Jak sobie wyobrażasz zamknięcie wszystkich ludzi w kraju na 2 lub 3 miesiące w domach? Co z tego, że Franek nie spotka się z kumplem, jeżeli musi się spotkać z ekspedientką, z listonoszem, z lekarzem, z policjantem, z farmaceutą, z ludźmi w pracy bo np. jego pracy nie da się wykonywać zdalnie itd. itd.?
Taki apel powinien zostać wystosowany do osób z grupy ryzyka - one powinny być objęte bardzo restrykcyjną, bezwzględną kwarantanną. To by miało sens.

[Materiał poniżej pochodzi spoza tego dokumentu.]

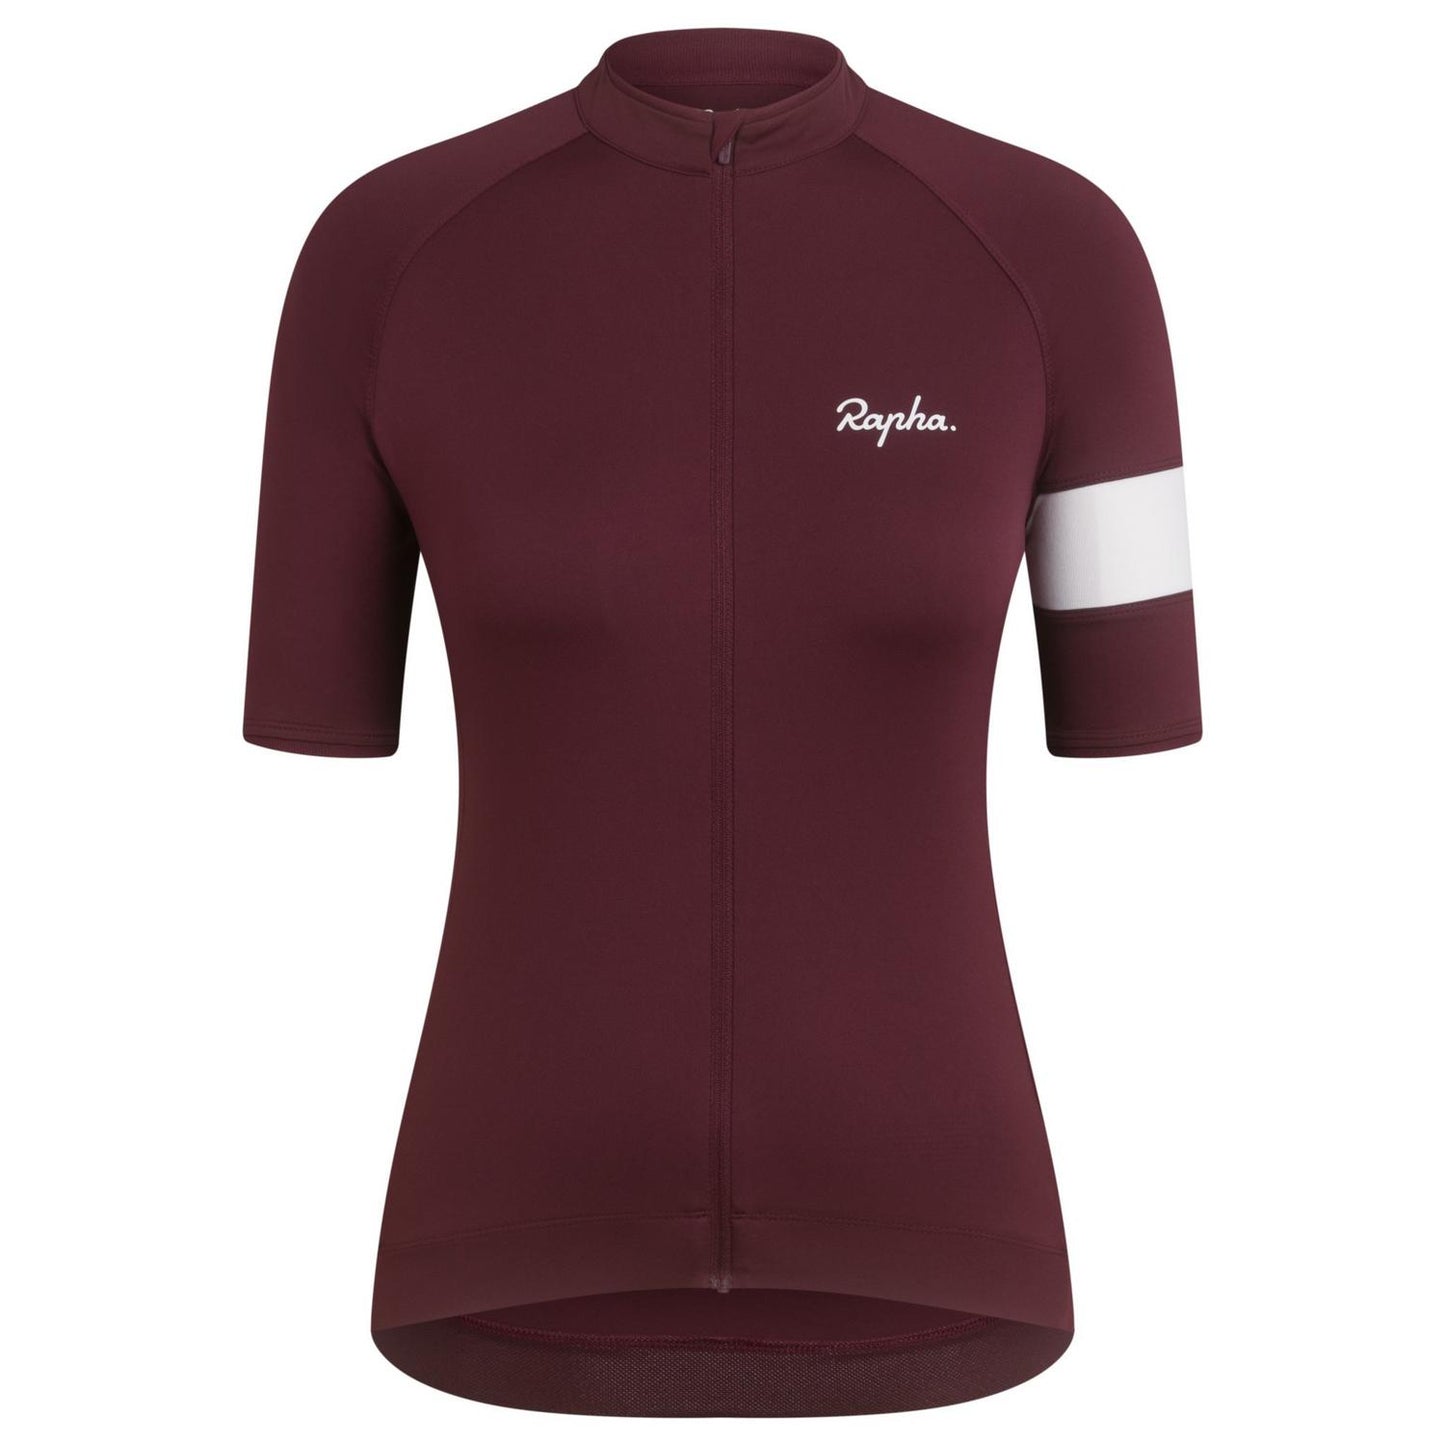 RAPHA Core Dones Maillot de Ciclisme - WWA Whine/White

@7th_Heaven No właśnie za względu na listonosza, lekarza, policjanta, ekspedientkę i farmaceutę Franek musi zostać w domu. Ci ludzie nie mogą przestać wykonywać swojej pracy bo jest ona bardzo ważna i jej zawieszenie mogłoby być poważne w skutkach. A Franek zostając w domu przyczynia się do minimalizacji liczby zakażonych osób w krótkim czasie, pozwalając służbie zdrowia pracować w granicy jej pojemności. Chyba już każdy widział ten wykres. Jeżeli więc nie jesteś wirusologiem/naukowcem/pracownikiem służby zdrowia to proszę, nie dziel się swoimi przemyśleniami. Zachowaj je dla siebie i #zostańwdomu.
1. Ok, człowiek nie zarazi się koronowirsuem, bo nie pójdzie do pracy, ale umrze z głodu bo nie będzie miał za co kupić jedzenia? Co z tymi problemami? O tym ludzie w ogóle nie myślą.
Do tego siedzenie samemu w domu może powodować problem z stanem psychicznym ludzi oraz np samobójstwami.
Drugi aspekt to ludzie panikujecie przesadnie... W wielu przypadkach, gdy jest osłabiony organizm, to zwykła grypa, przeziębię czy zapalenie płuc może być śmiertelne, a z powodu tych chorób jakoś nie robimy takiego szumu... i nie jestem przeciw chwilowemu ograniczeniu kontaktu, ale ludzie zwariowali. Patrząc jak się ten wirus roznosi, to nie uda się go zwalczyć w 100%, a chwilowe ograniczenie kontaktu pozwoli jedynie rozłożyć chorobę w czasie, by nie przeciążyć nagle szpitali. Oraz mieć trochę lepsze sposoby leczenia. W trakcie 4/5 sezonów chorobowych, większość populacji już będzie po przejściu tej choroby. Ludzie będą musieli nauczyć się z nią żyć jak z grypą, czy inną tego typu chorobą.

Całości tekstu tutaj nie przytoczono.